The task :: Could you copy exactly the lines below, beginning at the line with "HiP Paris Blog" and stopping after the line with "fotografia-arquitectura-valencia-german-cabo-viraje-museros (21)", with no pictures?

Extracted data ::
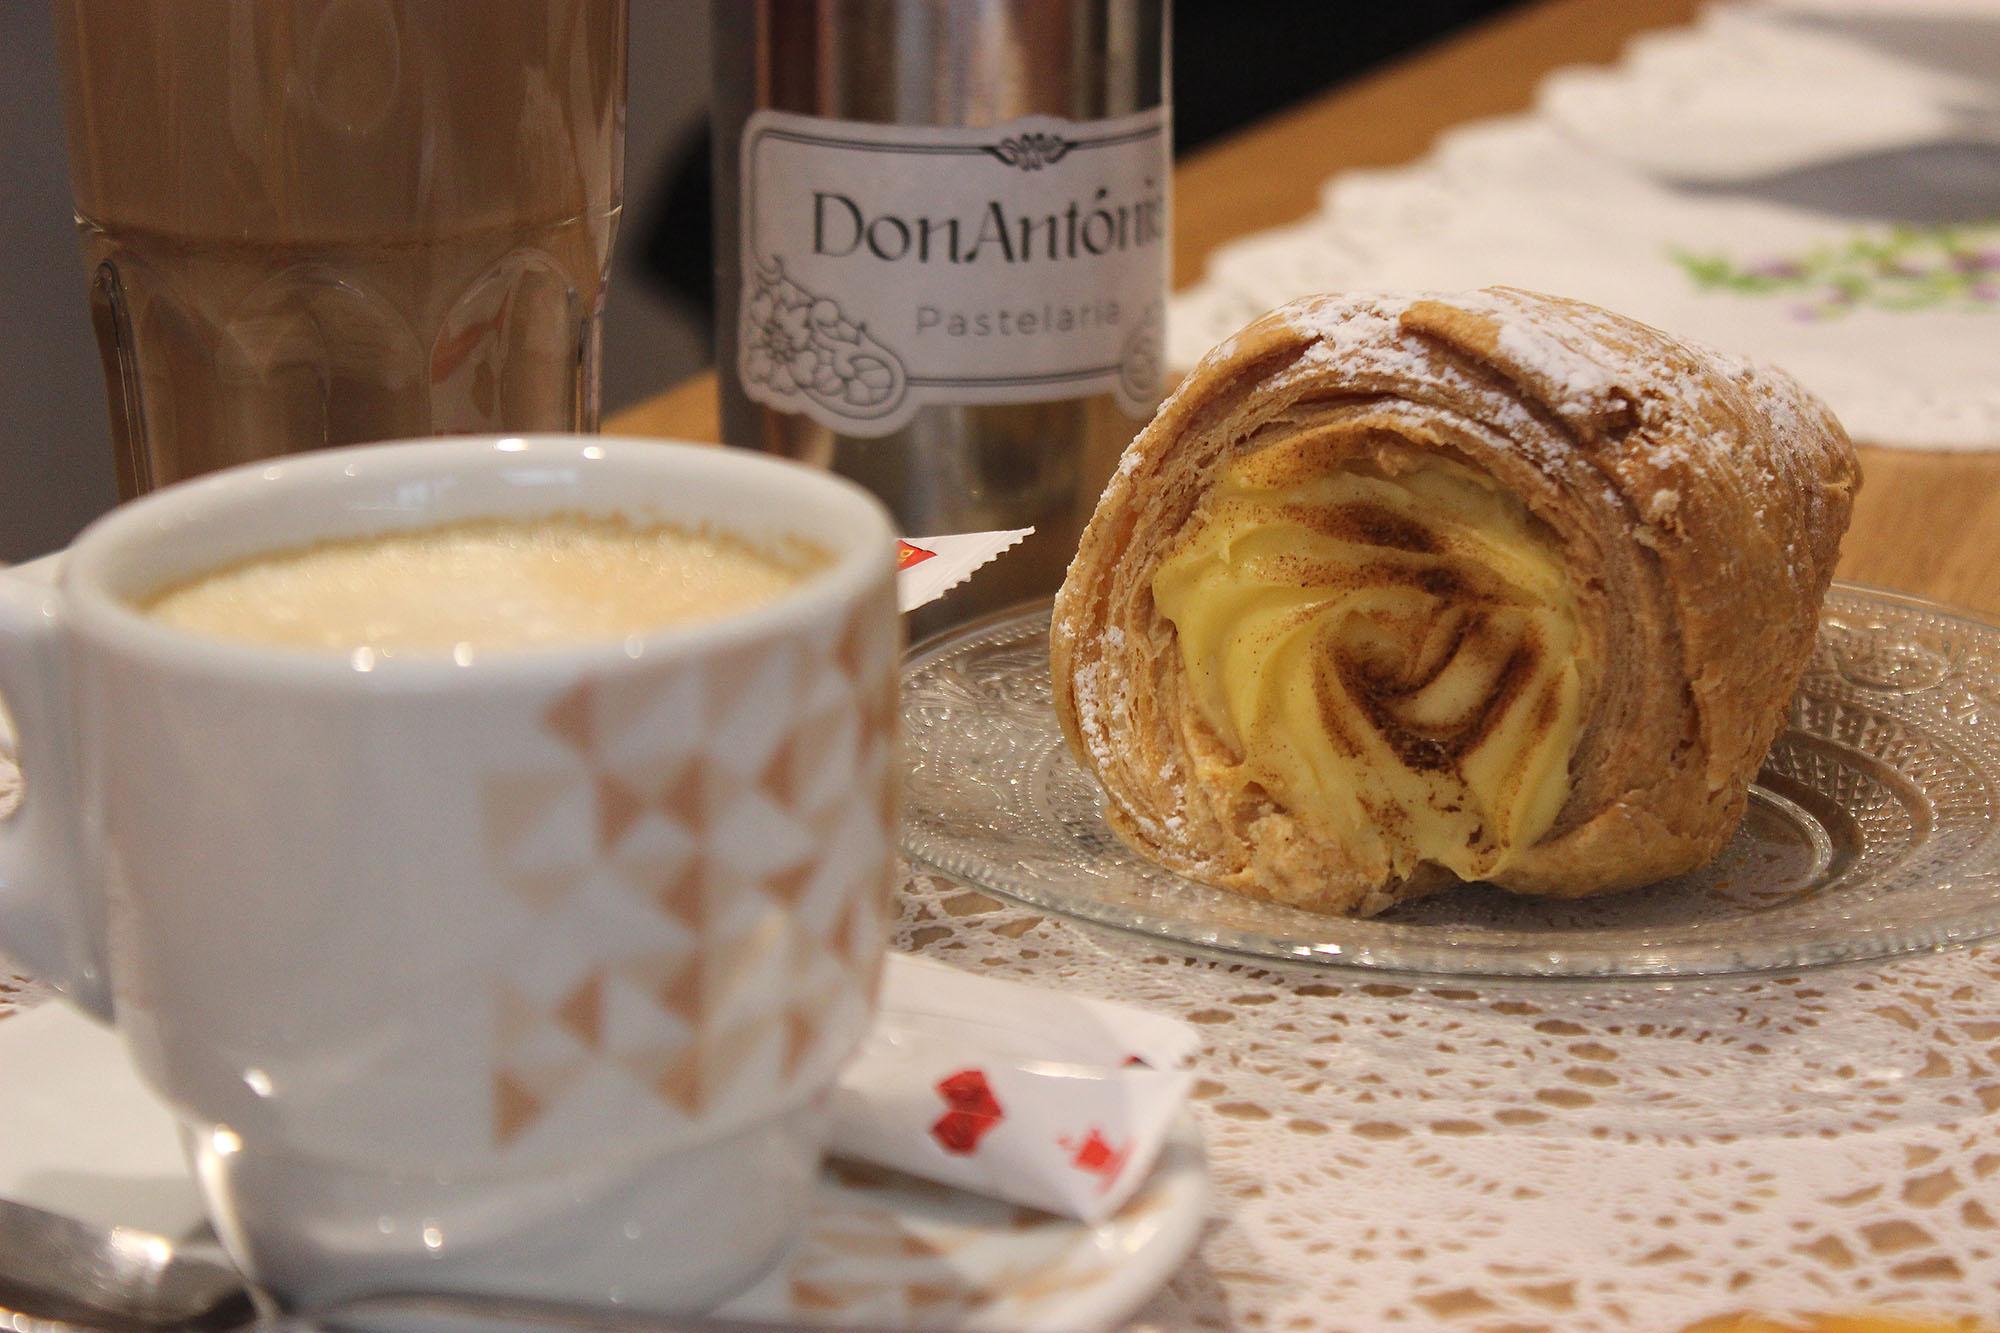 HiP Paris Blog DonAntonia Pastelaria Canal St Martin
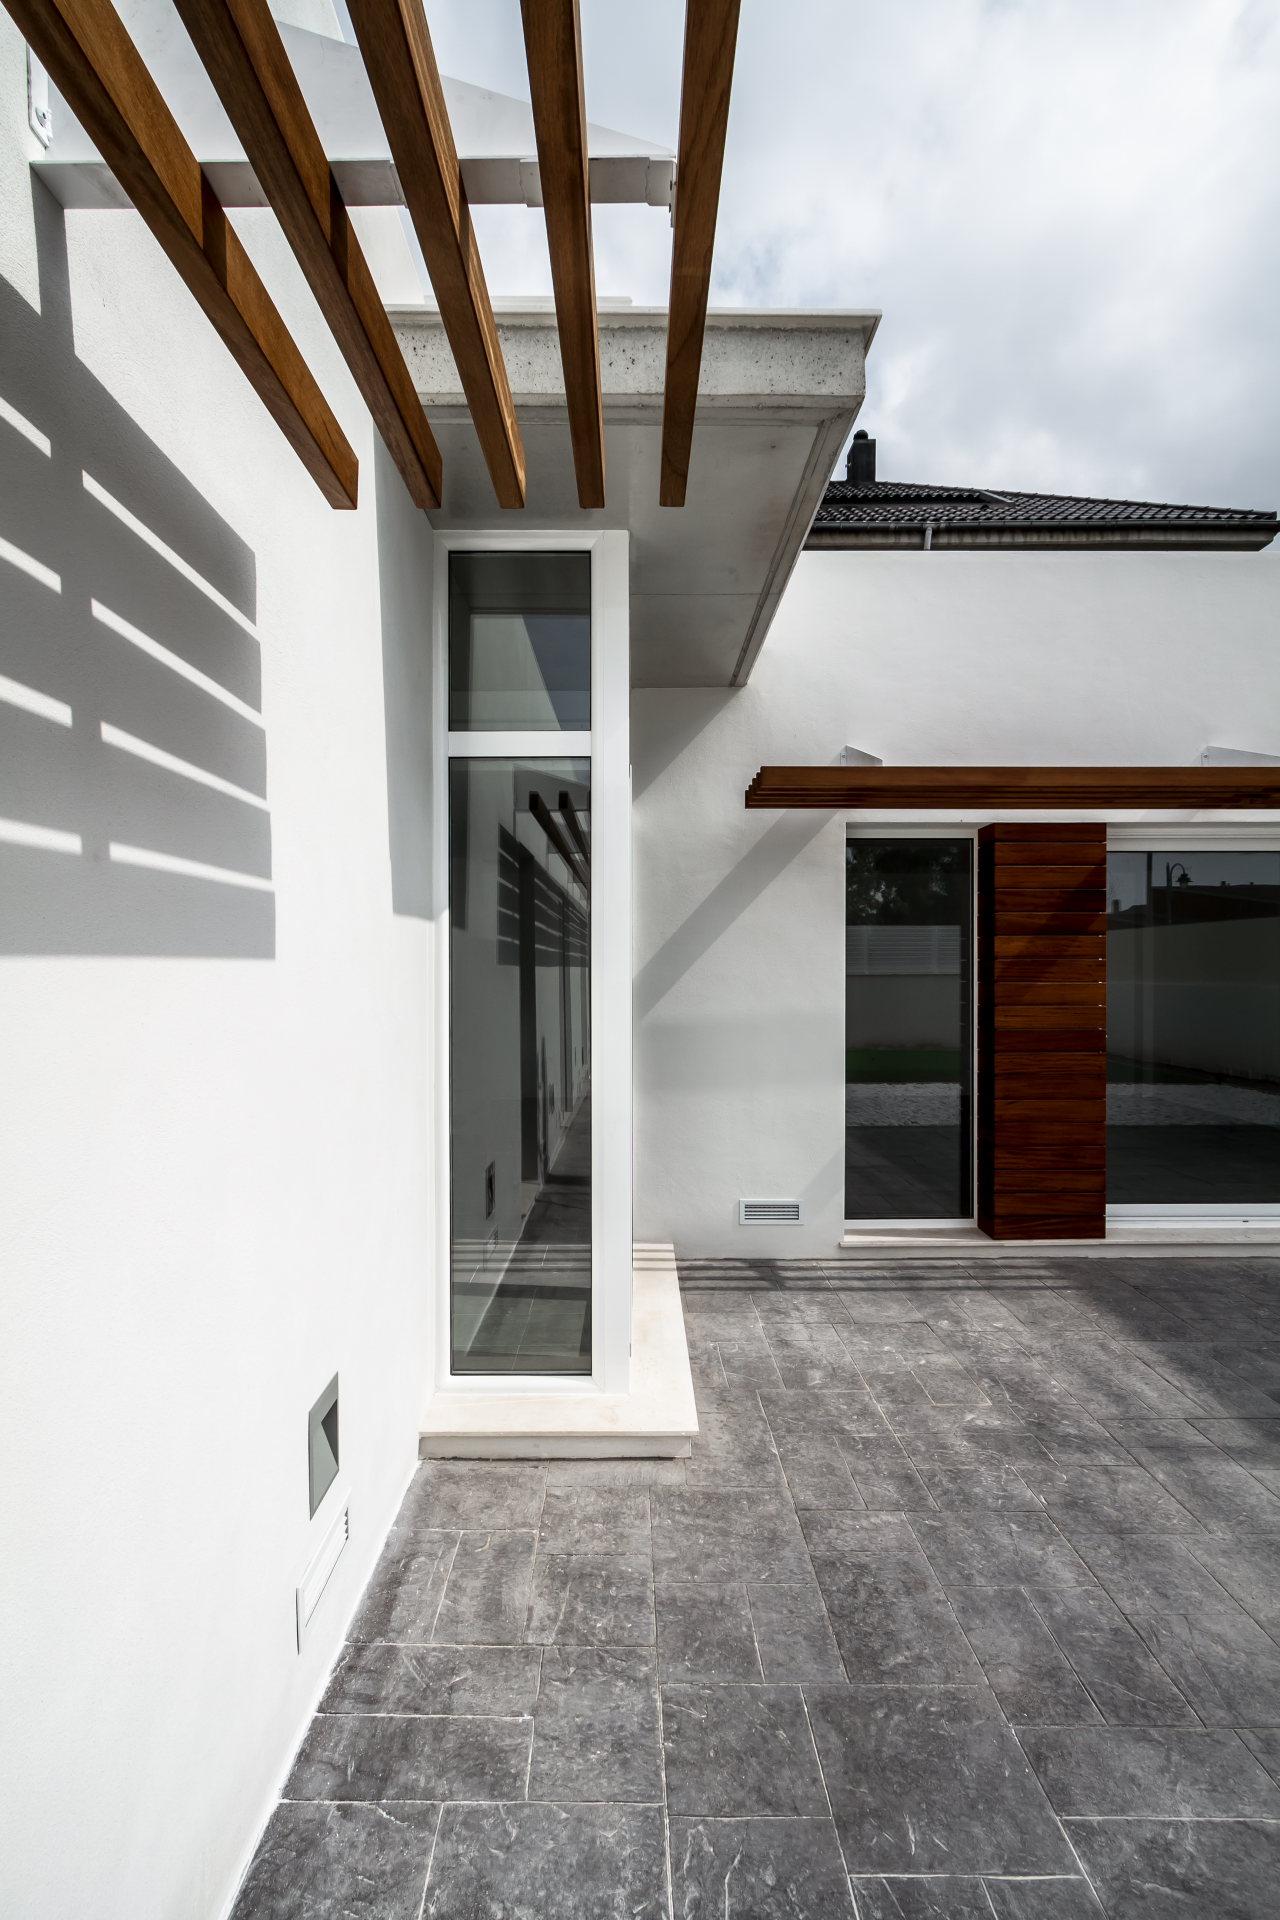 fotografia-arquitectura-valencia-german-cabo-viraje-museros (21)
* * *
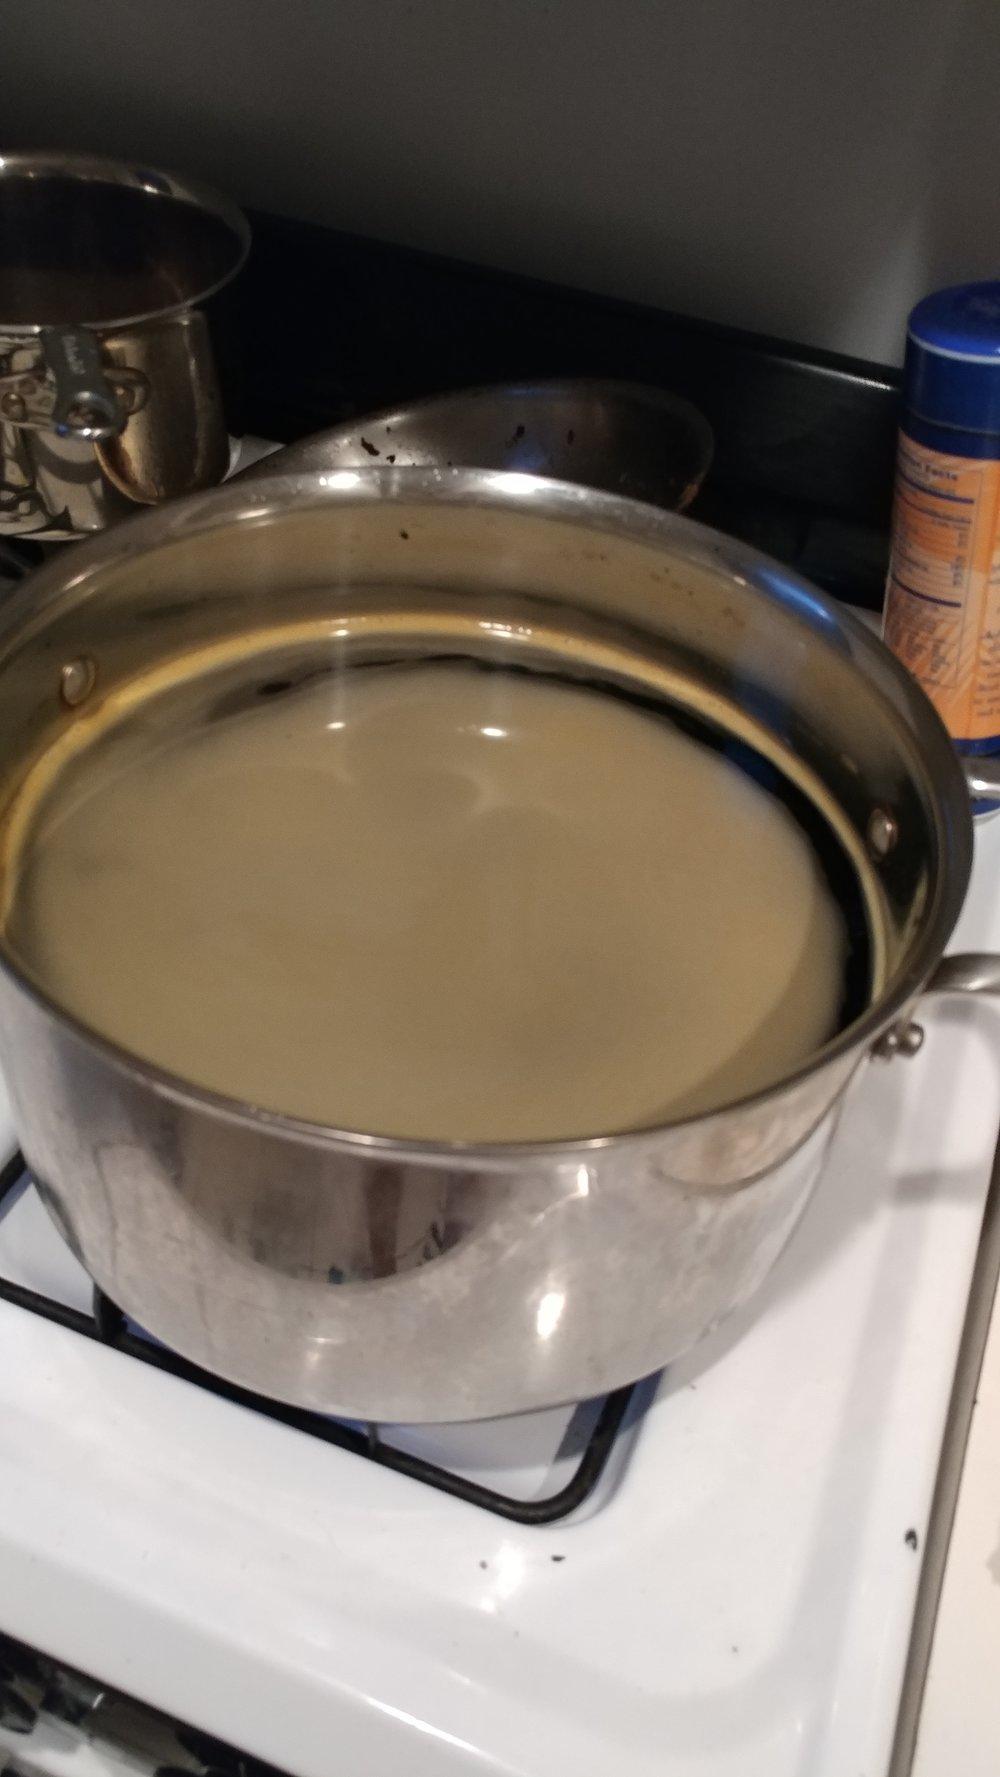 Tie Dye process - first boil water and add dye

Solution to this exercise ::
 HiP Paris Blog DonAntonia Pastelaria Canal St Martin
 fotografia-arquitectura-valencia-german-cabo-viraje-museros (21)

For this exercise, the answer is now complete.